Saturday, 14th February 2009
Tokyo Cabinet: Beyond Key-Value Store. Useful overview of Yet Another Scalable Key Value Store. Interesting points: multiple backends (hash table, B-Tree, in memory, on disk), a “table” engine which enables more advanced queries, a network server that supports HTTP, memcached or its own binary protocol and the ability to extend the engine with Lua scripts.
pytyrant. A pure-python client library for the Tokyo Tyrant binary protocol (used to access Tokyo Cabinet databases over a network). The library appears to be developed by Bob Ippolito and the team at Mochi Media.

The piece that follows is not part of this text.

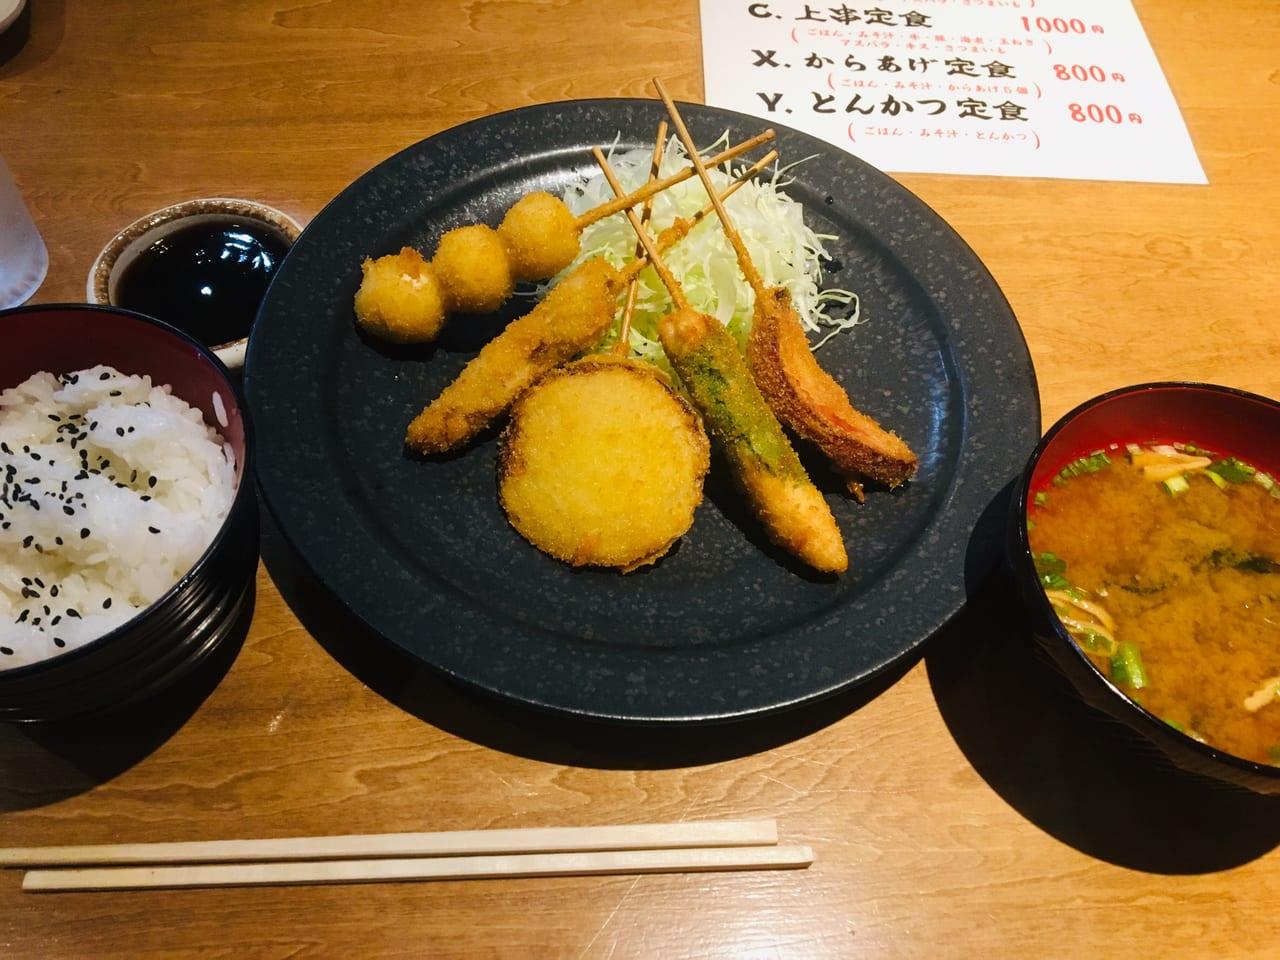 monkatsu teishoku

Specify your canonical. You can now use a link rel=“canonical” to tell Google that a page has a canonical URL elsewhere. I’ve run in to this problem a bunch of times—in some sites it really does make sense to have the same content shown in two different places—and this seems like a neat solution that could apply to much more than just metadata for external search engines.
Tokyo Tyrant Tutorial. Buried at the bottom of the Tokyo Tyrant protocol documentation, this is the best resource I’ve seen yet for getting up and running with the database server (including setting up replication).
Tokyo Cabinet and Tokyo Tyrant Presentation. By Tokyo Cabinet author Mikio Hirabayashi. The third leg of the Tokyo tripod is Tokyo Dystopia, a full-text search engine which is presumably a modern replacement for Mikio’s older hyperestraier engine.
Xapian performance comparision with Whoosh. Whoosh appears to be around four times slower than Xapian for indexing and empty cache searches, but Xapian with a full cache blows Whoosh out of the water (5408 searches/second compared to 26.3). Considering how fast Xapian is, that’s still a pretty impressive result for the pure-Python Whoosh.
The Django and Ubuntu Intrepid Almanac. Will Larson’s impressively comprehensive guide to configuring and securing an Ubuntu VPS from scratch to run Django, using PostgreSQL and Apache/mod_wsgi behind nginx.